Masjid Raya Solo dibangun di lahan Sriwedari.
Solopos.com, SOLO — Dinas Pekerjaan Umum dan Penataan Ruang (DPU dan PR) Kota Solo mematangkan penyusunan detail engineering design (DED) pembangunan masjid raya di Sriwedari.
Promosi Jalur Mudik Pantura Jawa Makin Adem Berkat Trembesi
Penyusunan dilakukan dengan mencari masukan dari seperti akademisi, tokoh agama, hingga kalangan budayawan di Kota Bengawan. Kepala DPU dan PR Solo Endah Sitaresmi Suryandari akrab disapa Sita, mengaku penyusunan DED pembangunan masjid raya dikebut.
Dalam penyusunan DED, Pemkot tidak menggunakan sepenuhnya hasil sayembara desain masjid raya. Desain itu hanya dijadikan sebagai bahan pertimbangan, dan tidak menjadi acuan utama. Diketahui, Pemkot telah menetapkan pemenang sayembara desain masjid raya. Bahkan hasil sayembara dipamerkan di Paragon Mall untuk mendapatkan masukan dari masyarakat.
“Itu [sayembara] kan hanya sketsa awal saja, masih dasar belum detail,” kata Sita saat membuka Focus Group Discussion (FGD) Masjid Sriwedari di Mangati Praja, Kompleks Balai Kota Solo, Rabu (13/9/2017).
Menurut Sita, detil desainnya baru akan ditindaklanjuti dalam penyusunan DED. Penyusunan DED inipun Pemkot tidak sendiri, tetapi juga mencari masukan dari berbagai kalangan seperti akademisi, tokoh agama, budayawan, dan lain sebagainya. “Kita libatkan juga Dewan Masjid Indonesia dan pihak terkait lain dalam menyusun DED,” katanya.
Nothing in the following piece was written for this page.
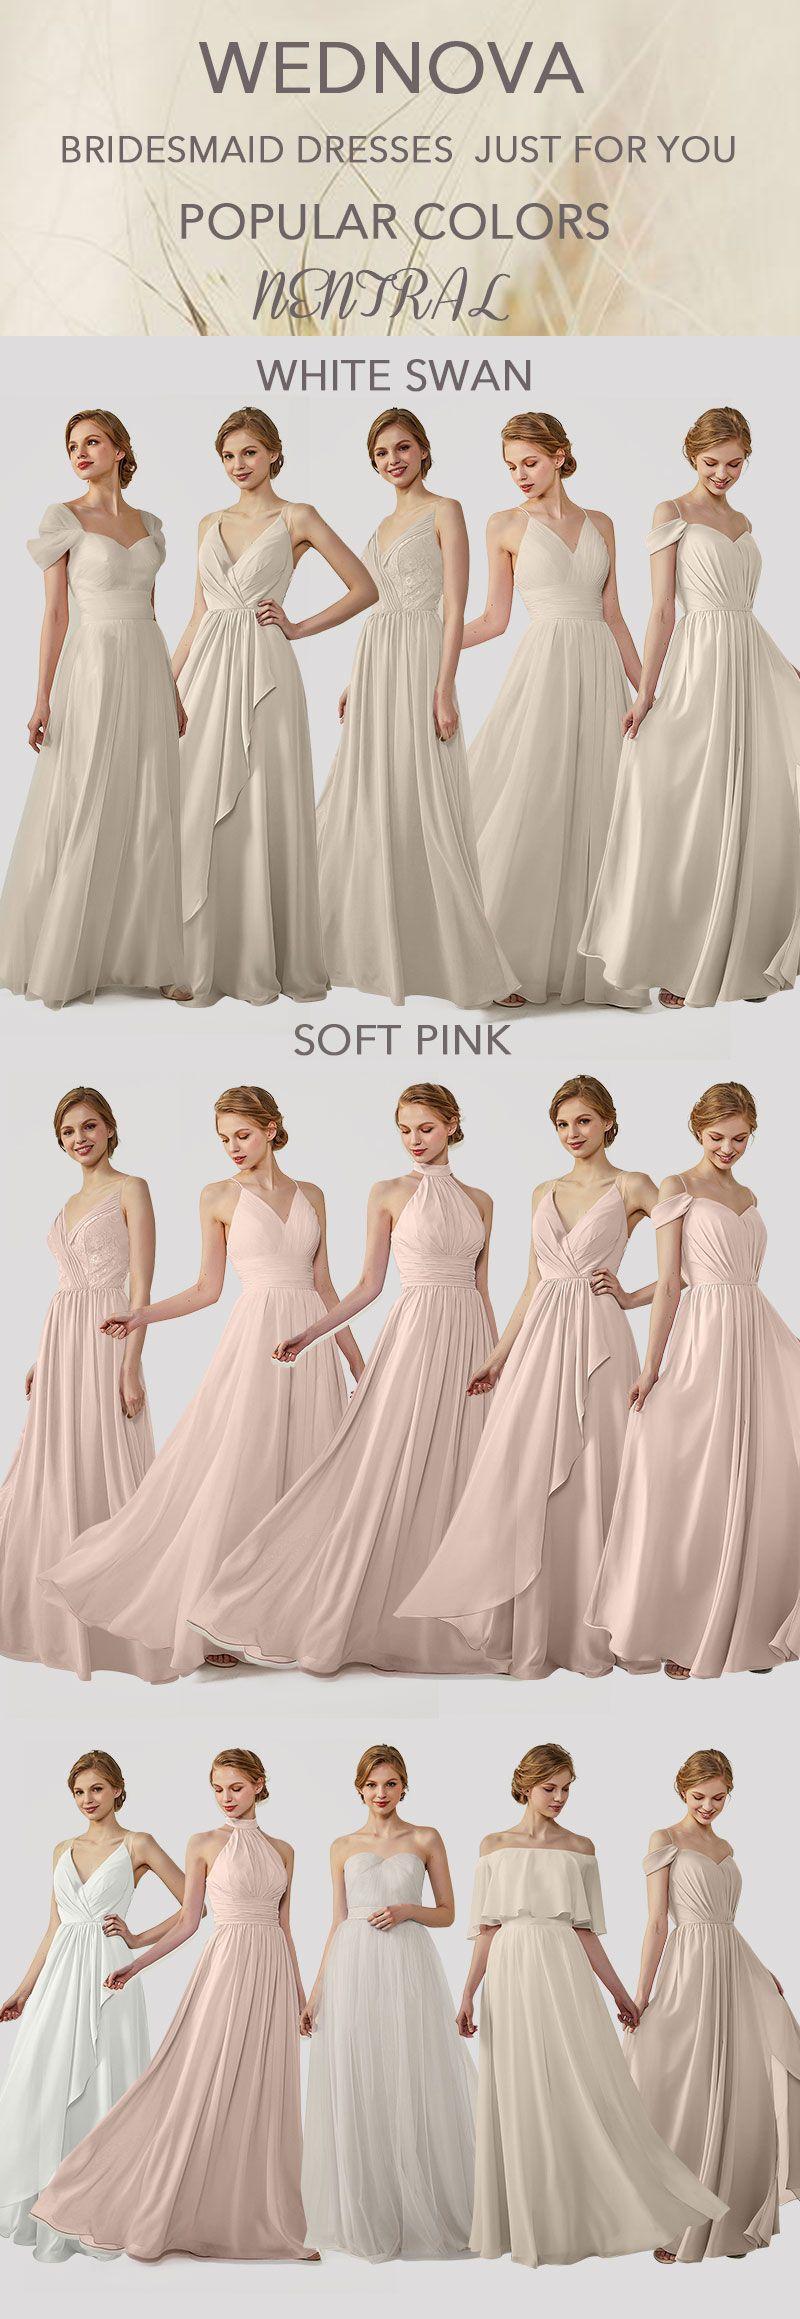 Top chiffon bridesmaid dresses neutral v neck dress you can wear

Yang jelas, Sita mengatakan pembangunan masjid raya di Sriwedari akan disesuaikan dengan fungsi kawasan tersebut. Hal ini juga sejalan dengan masterplan penataan kawasan Sriwedari yang telah disusun Badan Perencanaan Penelitian dan Pengembangan Daerah (Bappeda) Kota Solo.
Merujuk masterplan tersebut, ruang terbuka hijau akan diperbanyak guna mendukung pengembalian Sriwedari menjadi kawasan konservasi dan berkhasanah budaya.
Dalam hal ini, Pemkot akan mengembalikan roh Sriwedari seperti dulu kala saat Raja Keraton Kasunanan Surakarta Hadiningrat Paku Buwono (PB) X sebagai Bon Raja. Dengan demikian, masjid akan dibangun dengan konsep green design. Masjid itu pula tidak berkubah, namun hanya dibangun menara.
“Tujuan masjid tersebut dibangun di sana adalah untuk memudahkan pelintas beribadah,” tuturnya.
Ketua Kehormatan Ikatan Arsitektur Indonesia (IAI), Munichy Bachron Edrees mengatakan ada lima unsur dalam rencana membangun masjid di kawasan Sriwedari yang harus diperhatikan Pemkot. Harapannya pembangunan masjid jangan hanya dilihat dari bentuk atau penampilannya saja, melainkan konsep filosofinya.
“Pertama fungsi masjid itu sendiri. Tidak hanya sebagai tempat untuk ibadah saja tapi bisa untuk kegiatan masyarakat,” katanya.
Lalu dari unsur bentuk, dia menambahkan harus mempunyai estetika dan arsitektur yang jelas karena lokasi masjid berada di kawasan cagar budaya. Pemkot juga harus memperhatikan unsur kegunaan dan citra.
“Keselamatan pengunjung juga tidak boleh dilupakan dan harus mempertimbangkan segi kenyamanan, ini seperti lantai tidak licin. Kalau bisa harus punya beberapa pintu sehingga kalau ada apa-apa bisa cepat,” kata dia.